The take would have been more, but a $10,000 pledge by venture capital firm I/O Capital Partners was reneged shortly before the prize winner was announced, according Depetrillo and Graham's website. Updated terms and conditions were posted to the firm's website on Monday.

Seeking an explanation, Arturas Rosenbacher, an I/O Capital Partners founding partner, did not respond to a Monday email from

“As we have said now for more than years, fingerprints should not be used to secure anything,” Starbug wrote. “You leave them everywhere, and it is far too easy to make fake fingers out of lifted prints.”

Charlie Miller, a security researcher with Twitter who gained fame for finding notable vulnerabilities in Apple products, told on Monday that the CCC attack shows how vulnerable the Touch ID to a skilled adversary. 

Miller acknowledged the Touch ID's ease of use, but when it comes to security, the prolific researcher suggested sticking with the four-digit pin since it is harder to bypass.
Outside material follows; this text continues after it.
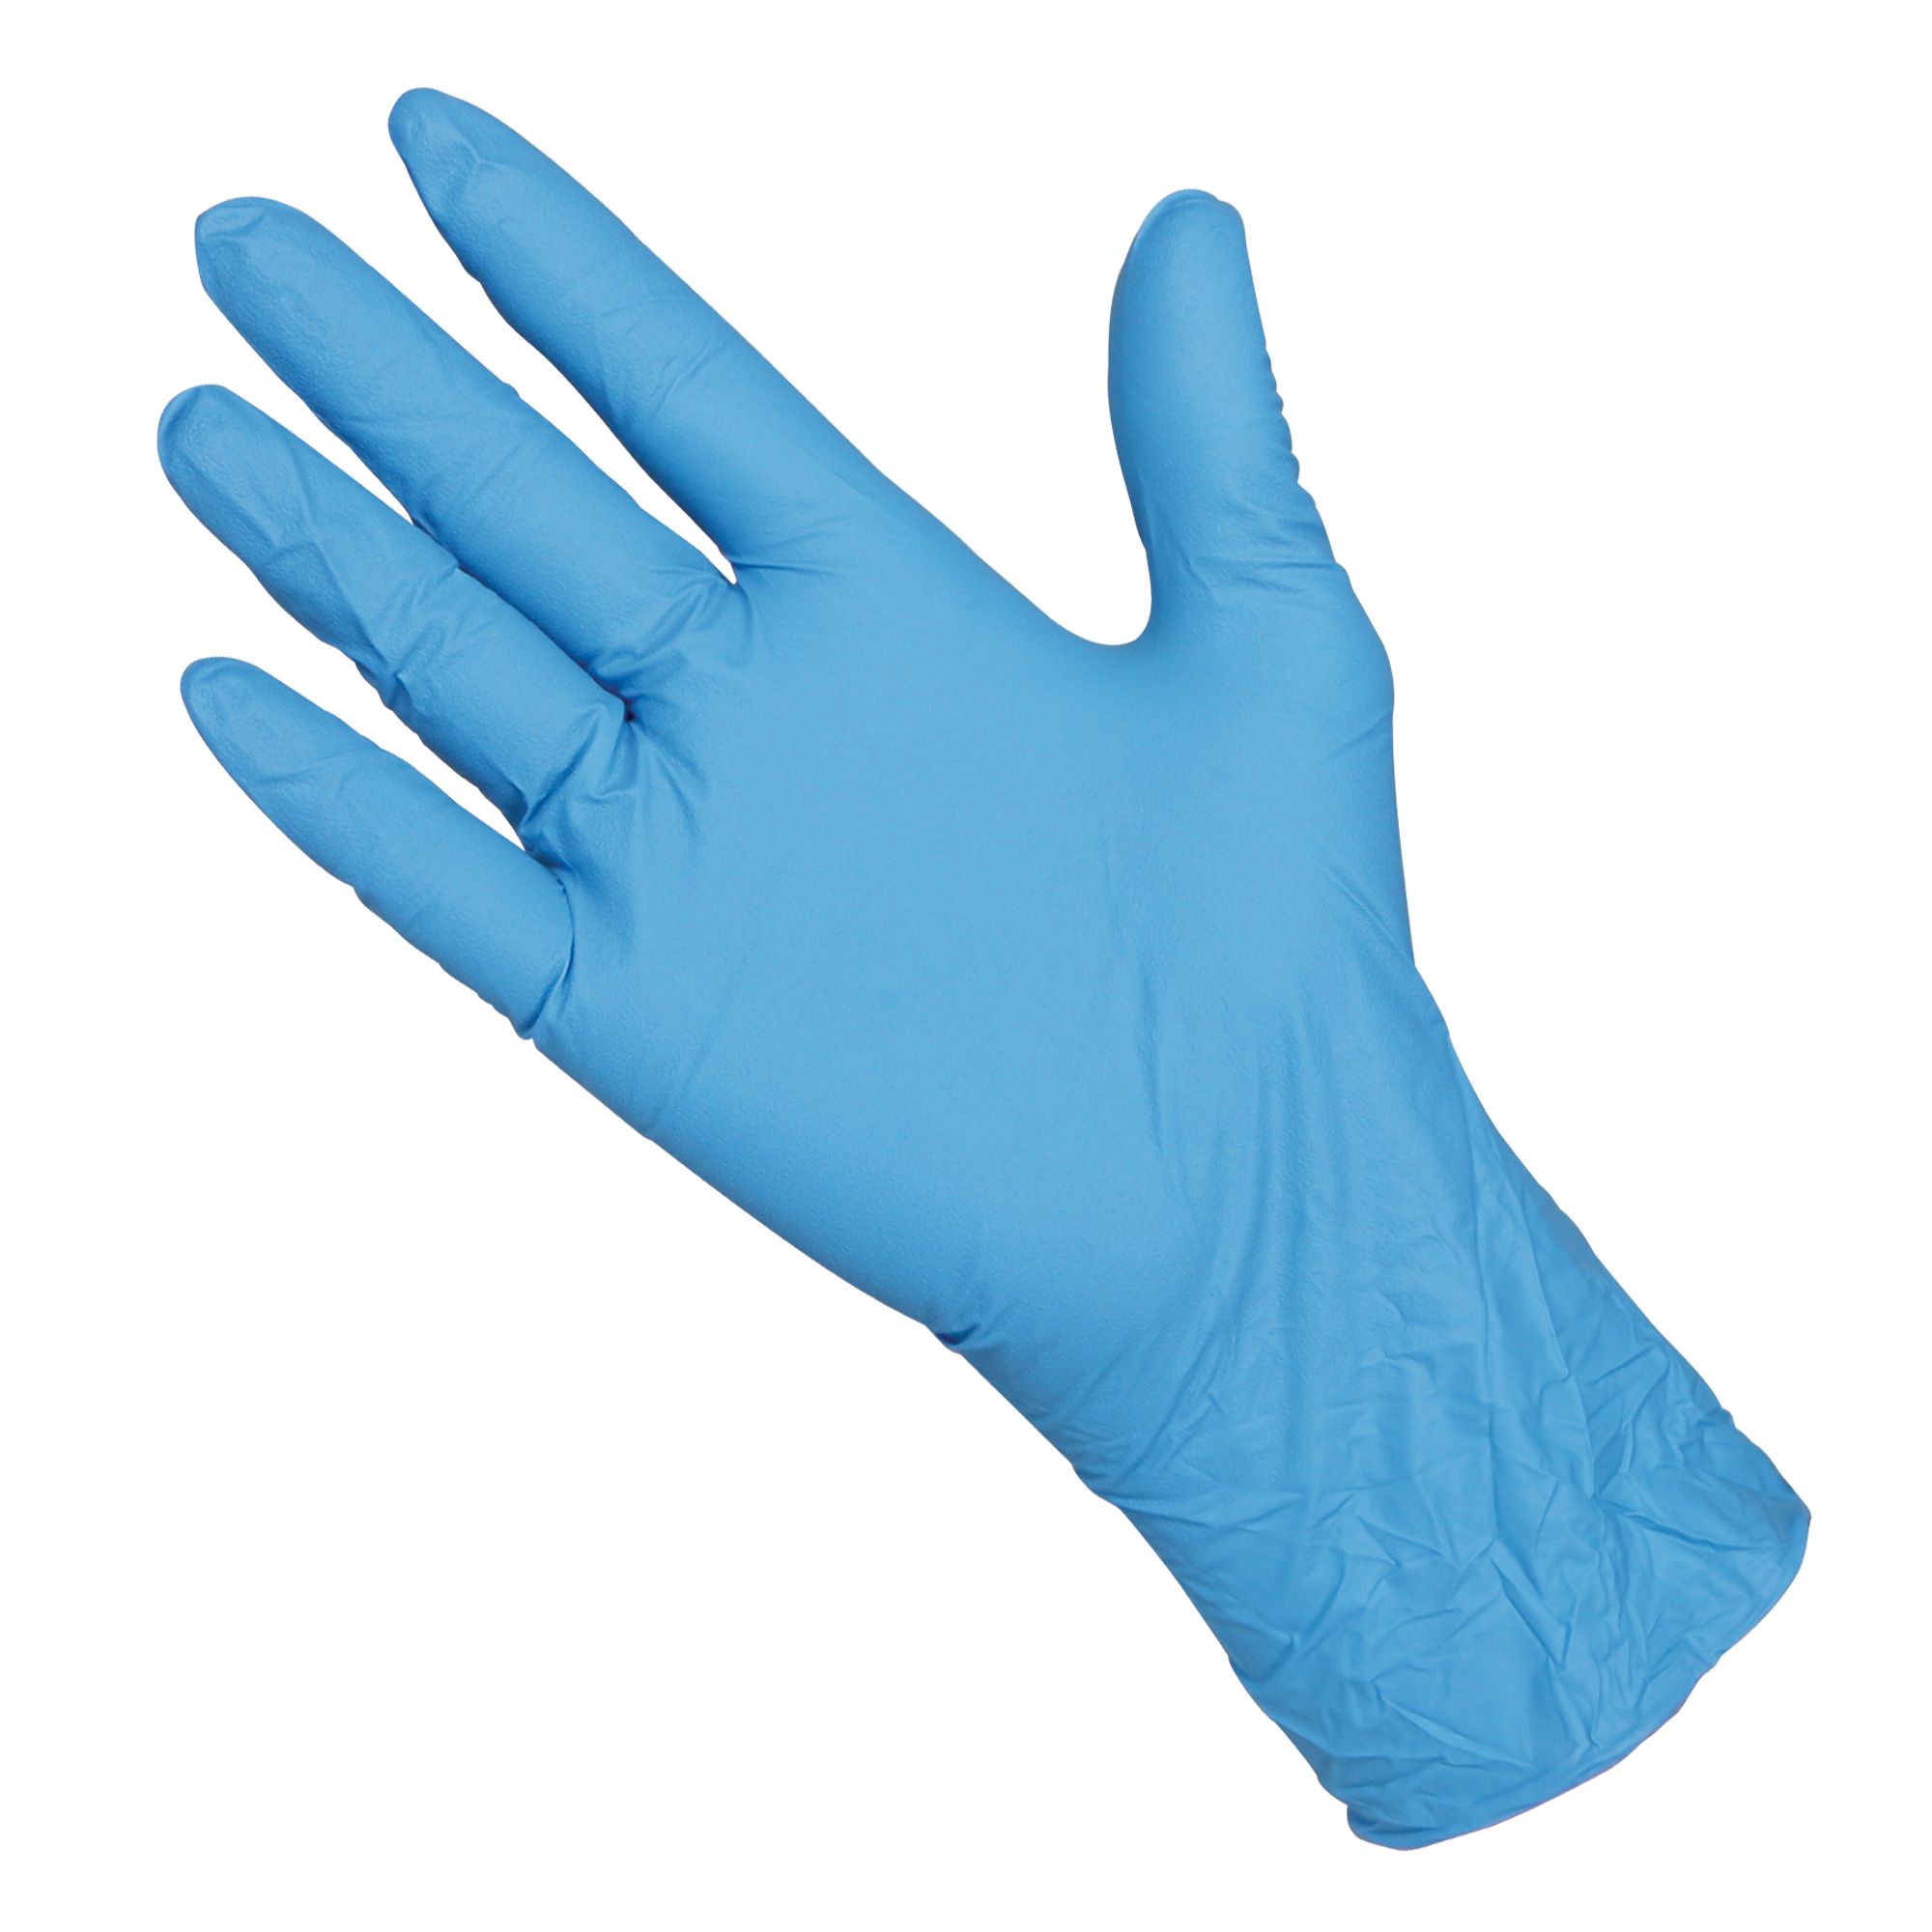 50 Pairs No Powder Nitrile Industrial Glove Disposable Protective Gloves,Latex Safety Working Gloves

“This means as a user, you have to decide who you are worried about,” Miller said. “If you are worried your kids are going to get on your phone and buy in-game purchases or that your coworkers are going to snoop on your text messages, or the cab driver when you forget it on the way to the airport, Touch ID is a nice way to keep them out.  If you are worried about professional cyber criminals, law enforcement, or guys like me, then stick with PINs.”